Kasus Perselingkuhan Staf KPU Sijunjung Dengan Staf KPU Provinsi Sumbar Masih Menunggu Putusan Sanksi dari KPU Pusat
D'On, Sijunjung (Sumbar),- Kelanjutan kasus perselingkuhan antara wanita berinisial "M" staf Komisi Pemilihan Umum (KPU) Kabupaten Sijunjung dengan pria berinisial "R" yang merupakan staf KPU Provinsi Sumatera Barat yang mana atas perselingkuhan ini telah menghasilkan seorang bayi masih menunggu keputusan KPU Pusat.
Dikatakan Afriyandi SH, praktisi hukum bahwa ia sangat mengapresiasi upaya suami "M" untuk mencari keadilan pada kasus yang dialaminya.
"Upaya suami "M" patut diapresiasi, karena berani mengungkapkan kelakuan istrinya yang berselingkuh hingga melahirkan seorang bayi dari pasangan selingkuhnya "R', saatnya suami "M" mendapatkan keadilan hukum," ucap Afi saat dikunjungi media ini pada (11/6/2020) silam.
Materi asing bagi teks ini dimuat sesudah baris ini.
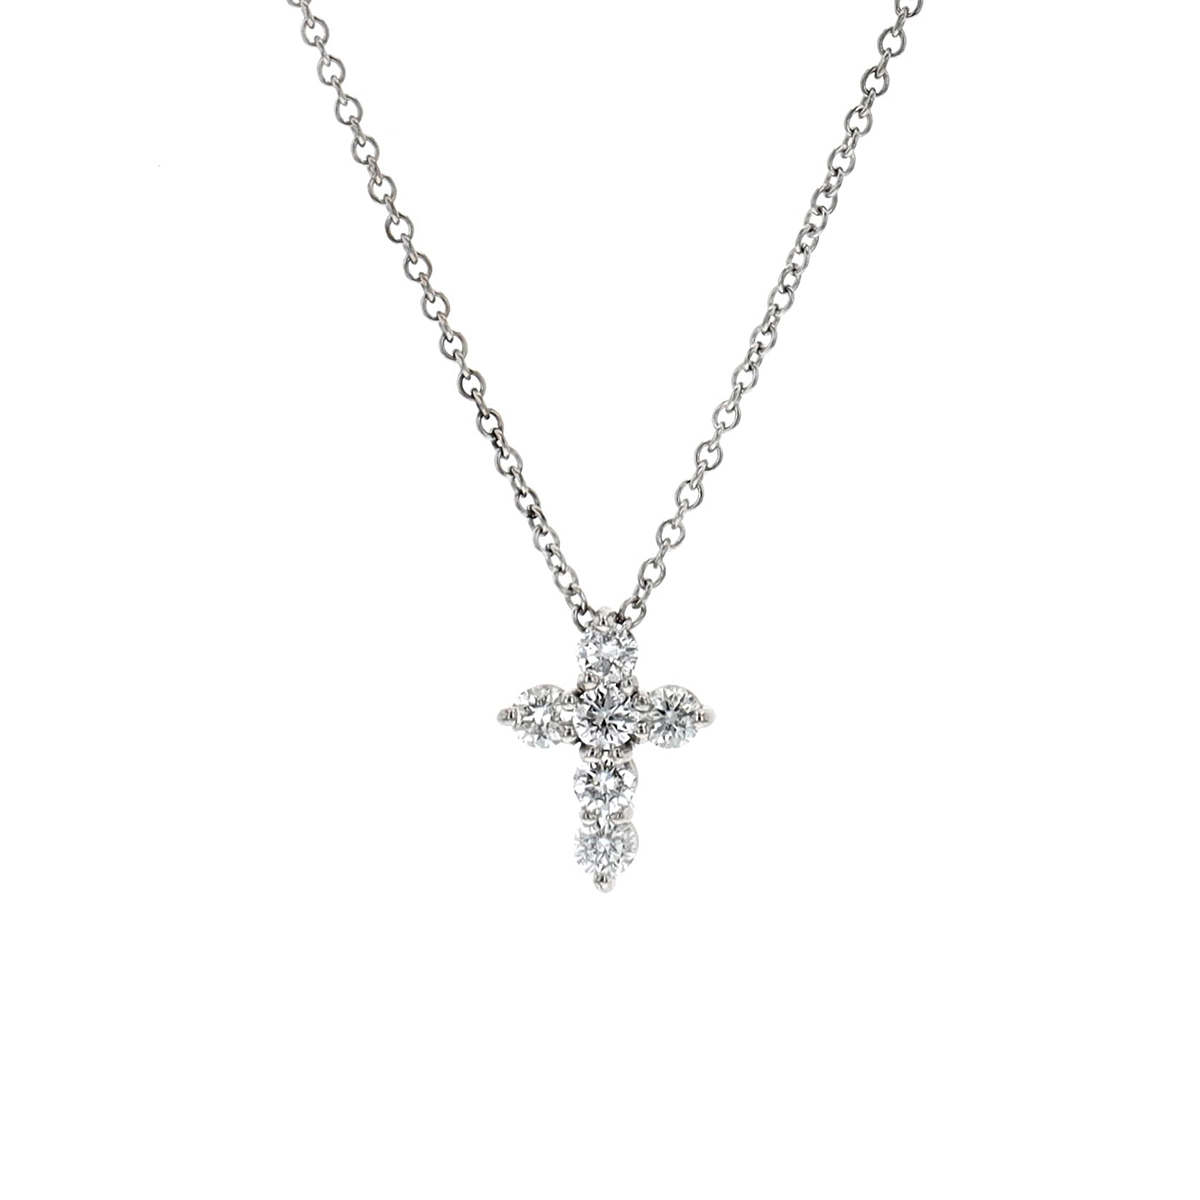 14K White Gold Cross Pendant and Chain

"Diutaran Afi, dari hasil penyidikan, sebagaimana yang dijelaskan Kasat Reskrim Polres Kab.Sijunjung Fetrizal, dinyatakan bahwa kedua telapor (R dan M) benar telah melakukan perselingkuhan hingga M hamil dan melahirkan seorang anak. Dan secara hukum, sesungguhnya pernyataan tertulis hasil penyidikan ini cukup menjadi bukti bagi suami M dalam melanjutkan perjuangannya dalam melaporkan pelanggaran PP Nomor 53 tahun 2010 tentang Peraturan Disiplin Pegawai Negeri Sipil yang dilakukan "R dan M" ke institusinya yakni KPU Pusat" jelas Afi.
Sebelumnya, suami sah dari M, inisial "A" telah melaporkan perbuatan istrinya ke Kepolisian Resort (Polres) Sijunjung pada Tanggal 28 Januari 2020 lalu. Pasal yang dilaporkan A yaitu pasal 284 KUHP tentang perzinahan yang melibatkan suami - istri.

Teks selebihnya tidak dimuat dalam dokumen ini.